It feels like the logline is your hook. It feels like a good first scene: you just dropped your hero into a nasty situation… and I’m with him… I’m in that house of mirrors with a killer stalking me… and… now what are we going to do about it?
This hero seems to be waiting around for things to happen to him: he’s trapped, he suffers, he becomes a victim. If a hero is passive, then it isn’t quite his story yet.
As it stands the original killer is the hero. He’s probably the guy who trapped the copy-cat, and he’s definitely is the guy trying to kill the copycat.
In reference to that aside (“suffering double vision”). For me that adjective phrase just doesn’t work. It feels retrofitted into the sentence, and only makes sense after I glanced over at the title.
I am worried that the whole killer stalking in a house of mirrors has been done to death and is past parody?

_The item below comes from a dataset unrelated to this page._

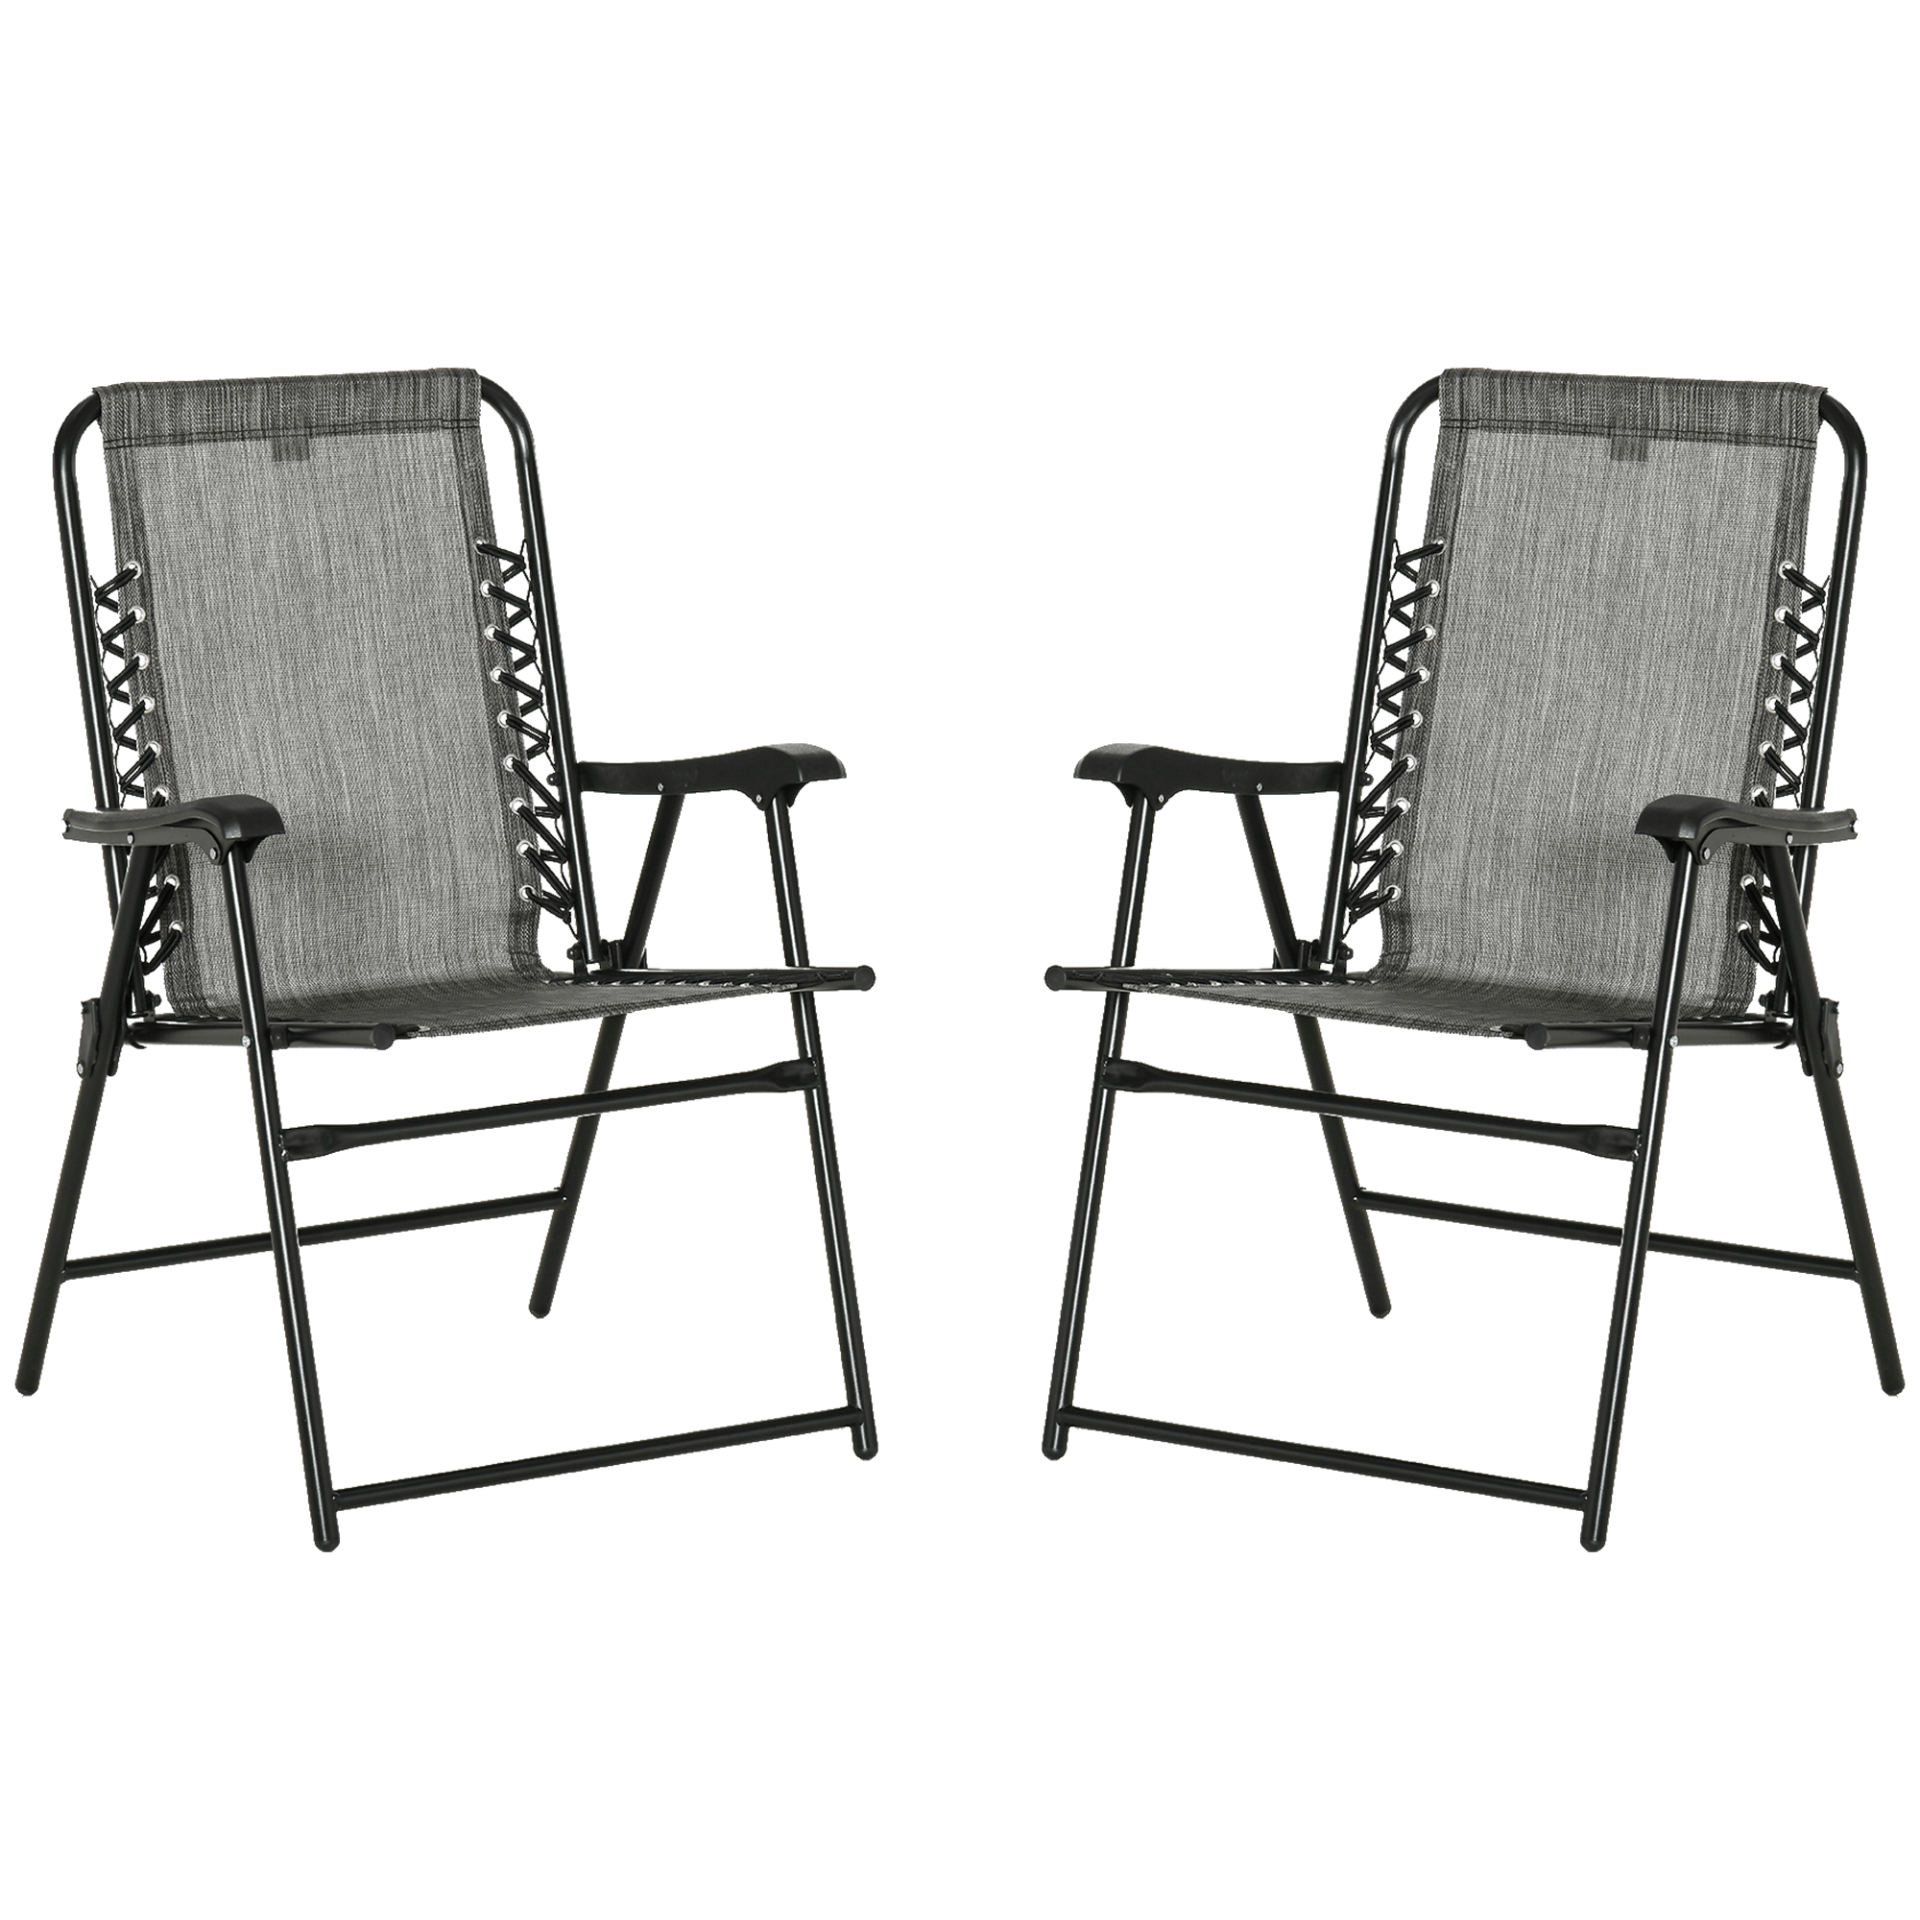 Outsunny Set of 2 Patio Folding Dining Chair Set Garden Outdoor Portable for Camping Pool Beach Deck Lawn with Armrest, Grey - Comfortable, Stylish, and Portable Chairs Camping Chair Cosy Camping Co. Grey

Even the Simpson’s had joked about it in an episode (but Homer gets shot immediately, in a play on that whole cliche).
Heysa timmyelliot 😀
I always look forward to reading your comments !!
“… suffering double vision.” Is clunky and what I was having trouble with.
Thanks for clearing up the passive hero situation too.
Its an homage to the house of mirrors stalking, but with a new rewrite It can re-locate if need be.
Your advice about the logline being the first act was something to define better.
Happy writing.
Tor.
I have seen the house of mirrors in TV shows and movies. The scene usually lasts about five minutes.
They think they see the killer, shoot, glass breaks; it was just a mirror image. Which image is the killer? which image is a reflection?
Having an entire two hour movie take place in what is usually a five minute scene might get repetitive.
I would end the movie in the house of mirrors if you love the idea but not set the entire movie in that location.
“When a copy-cat killer’s latest victim creates headlines, he draws the unwanted attention of the original serial killer who doesn’t want to share the spotlight.”
-Killer be killed-
Hope that helped. Good luck with this!
Just re-read what I wrote. I should have used “from” instead “of”
“When a copy-cat killer’s latest victim creates headlines, he draws unwanted attention from the original serial killer who doesn’t want to share the spotlight.”
You could also add something like
“and to survive, he must murder his demented Idol”
To me it’s and Intriguing premise that the copy cat killer becomes the real killer’s next intended victim. The rest is superfluous for the purposes of a logline.